I take a few moments before pulling away to look her in her eyes.
"Clarissa, how . . .
how the fuck are you alive?" I say (a few people I don't recognize throw me dirty looks)
She pauses and takes a moment before I finally hear her say
"You were looking pretty pale after that day too", with a drop of knowing dancing in her eyes just out of reach.
A beat passes.
"Maybe a little too pale."
She doesn't say any more but she smiles softly wrapping her arms over me like a scarf. I sigh. The plastered smile fades into the real one. I could live in this moment. Her arms warm and comforting. Her heart beating with mine. Just feeling her breathing next to me again. In and out. Back and forth. Gently rocking like the A. Breathe in breathe out. The air feels fresher. In and out. Back and forth.

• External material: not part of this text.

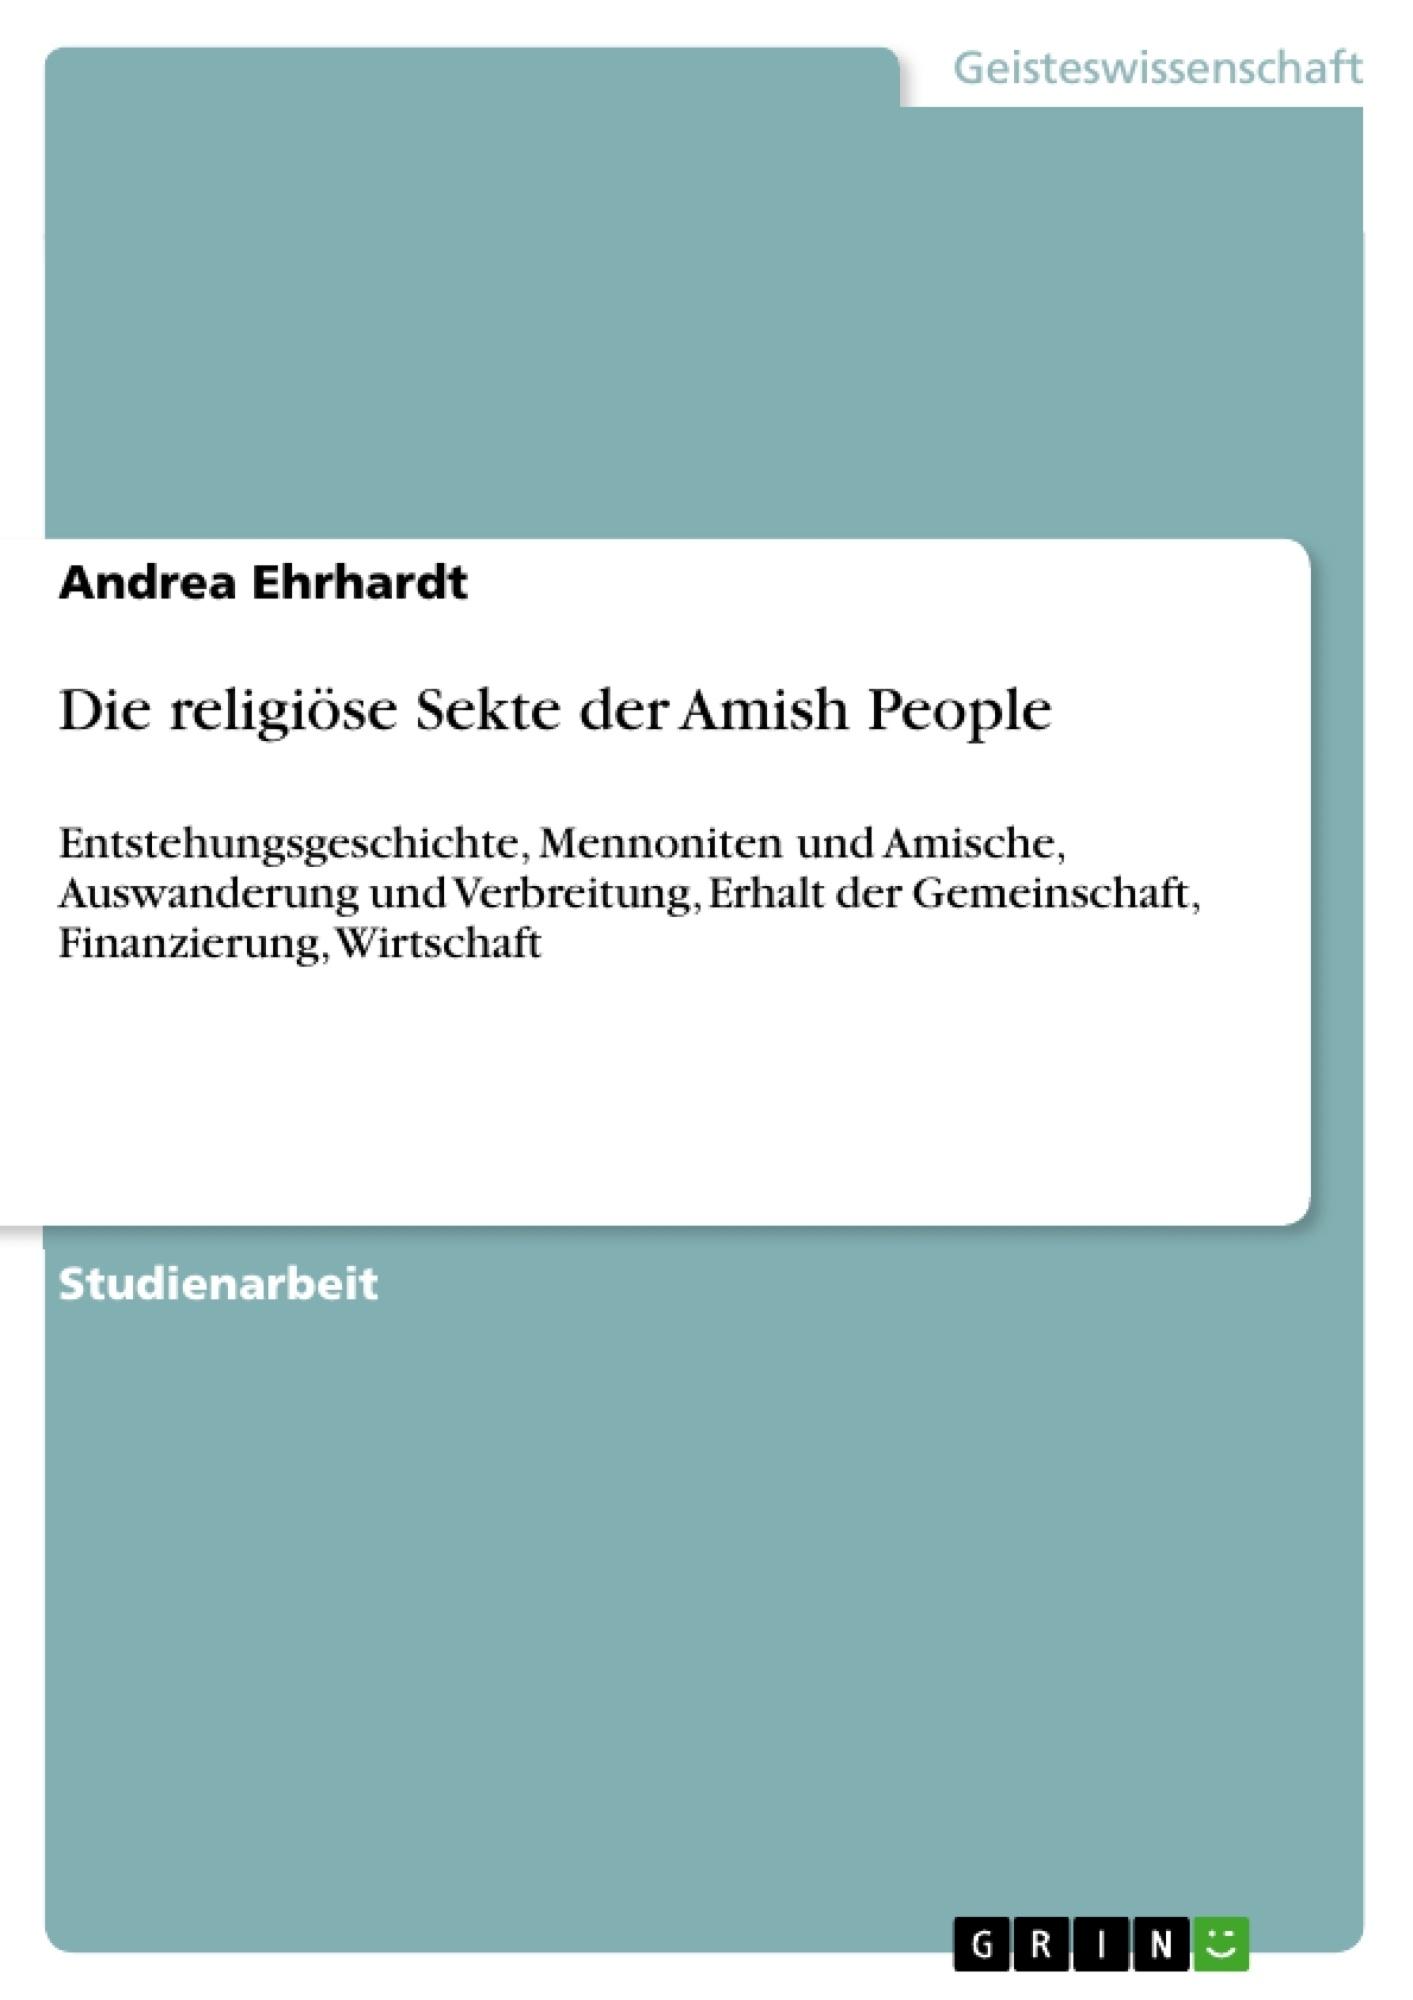 Titel: Die religiöse Sekte der Amish People

She slowly raises her arms off of me raising them, like I was some scared stray cat she was trying not to startle. Lost and alone. (Maybe I was.)
"Please don't go"
A beat
"I have meeting now darling" 
Her words rip though me, letting the fake smile wrap my lips up again. The "please don't leave me again" hovering on the tip of my tongue. Suddenly I hear someone yelling my name exasperatedly, I look around. Fucking Gerald.
Let me have my moment.
I sigh turning back.
She's gone.
Gerald storms over.
I, in Geralds very colorful words "get the fuck to work."
I go to the elevator. Push a button. Any button. Slam my fist into the buttons. They light up like my insides. I sigh. The elevator goes up. Beeps. I draw a frowny face. Goes up. Beeps. Goes up. I shouldn't have done that. I sigh. I get off. I make my way to my desk.
Work. 
Work work work.
So much work
I see her through the glass of a meeting room.
She had a meeting that day. 
Yesterday. 
The day when.
When she.
I bolt up.
The explosion echos in my ears, little bits of shrapnel lodging themselves in my eyes. I see Clarissa. Collapsed. Crumpled. Crushed.
A lifeless heap.
The explosions echo. My vision fades in and out.
The image stains my mind.
The explosion echos. I wake up. Get out of bed. Pulling on clothes. Dragging myself into the kitchen. Make cereal. Bringing it into the dining room. I sit down in a chair, pull the other one out, and push it back. I don't know how long I sit there looking at that empty chair.
I sigh. My cereal swirls, surrounding my spoon. The milk ripples, it's beautiful the patterns it makes as it swells it almosts makes me forget abou- suddenly I see it. 
The image. 
That image.
It keeps replaying itself in my mind. Lurking in the corners of my eyes, cautiously creeping in, crashing into my thoughts. It sends me spinning. I need to talk to someone. I need to talk to her.